The following is NOT a tournament report. It's not even arranged in any sensible order. It's just a list of ten cool things I've observed on random WackyDraft nights. Maybe you also saw some of them and didn't think they were that cool, but that's your problem. Maybe you didn't see them because you're afraid of the fierce level of competition on WackyDraft nights (Mondays, 7:00 PM, same bat channel), and in that case you have a serious self-esteem problem. Whatever. Here goes.

10) Cameron Miller attempts to build a competitive WackyDraft deck and proves he just don't know jack about Wacky.

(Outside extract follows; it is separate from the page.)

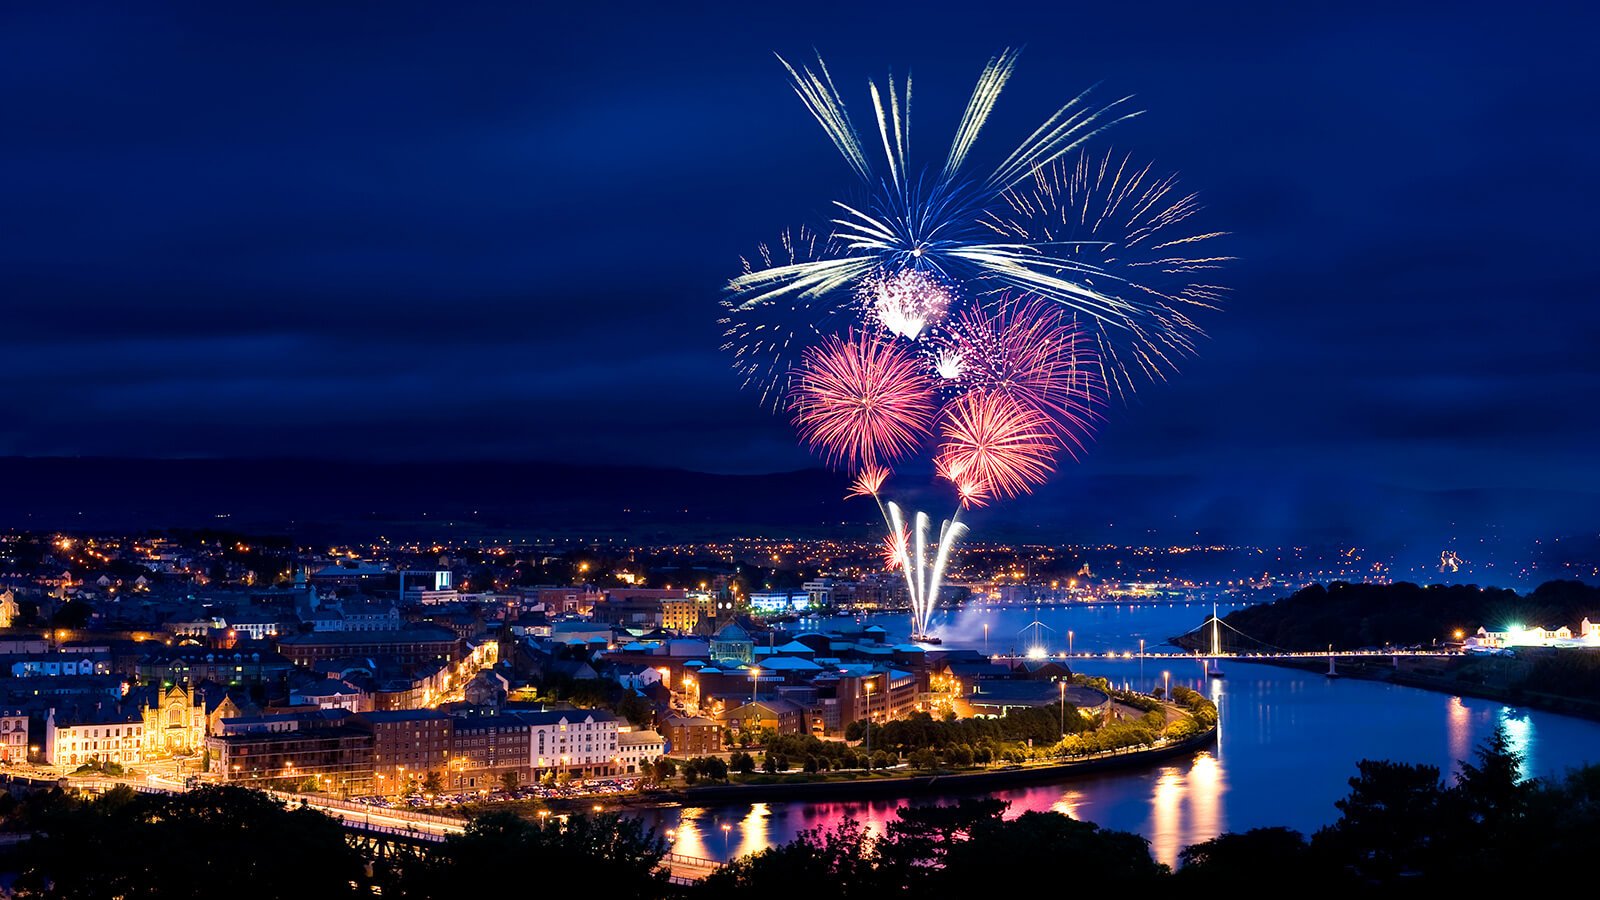 Foyle Derry fireworks in Ireland at Halloween

Now, I can't slam him for too much here, he just wasn't in his natural environment. I mean, jeez, how's he supposed to know that all laws of general logic and strategy are to be thrown to the wind during something called "WACKYdraft"? Still, he commited to drafting all cards beginning with the letter "C" without understanding the true power of cards like "Chicken A La King" and "Chaos Confetti" in an Unglued-rich environment. His deck turned out good, just not very wacky, and for that he was punished.

9) Mike Ruff plays God.

Mike Ruff, traditional steward of WackyDraft decides to host the WackyDraft All-Star draft pool, and spends (I can only assume) the better part of his day figuring out a well balanced list of the best power cards in Masques, Nemesis, and Unglued, and pre-assembles a series of identical packs, allowing everyone equal chances at 15 straight "first-pick" cards per pack. Loads of fun for all involved, though Ray took home fewer power cards than everyone else... probably because he used something like five Chaos Confettis over the course of the evening.

8) Ray plays "Mountainless Red"

Very simple tech to execute, but only if you remember what your tech is... Around the twelfth turn, Ray begins getting very frustrated with holding a hand of seven strong red creatures and never drawing mountains. We all knew this had to be painful, as the Wandering Eye in play showed us all how well he'd be doing if it weren't for his lack of a red mana source. Thirty turns later, once someone finally got sick of pitying the perennial landscrew victim and killed him, Ray looked through his deck and discovered he didn't put any mountains in the deck. After a few more checks through the pile, he remembers how he had intended to get them all into play: With an "Incoming" he had unfortunately been forced to discard early on.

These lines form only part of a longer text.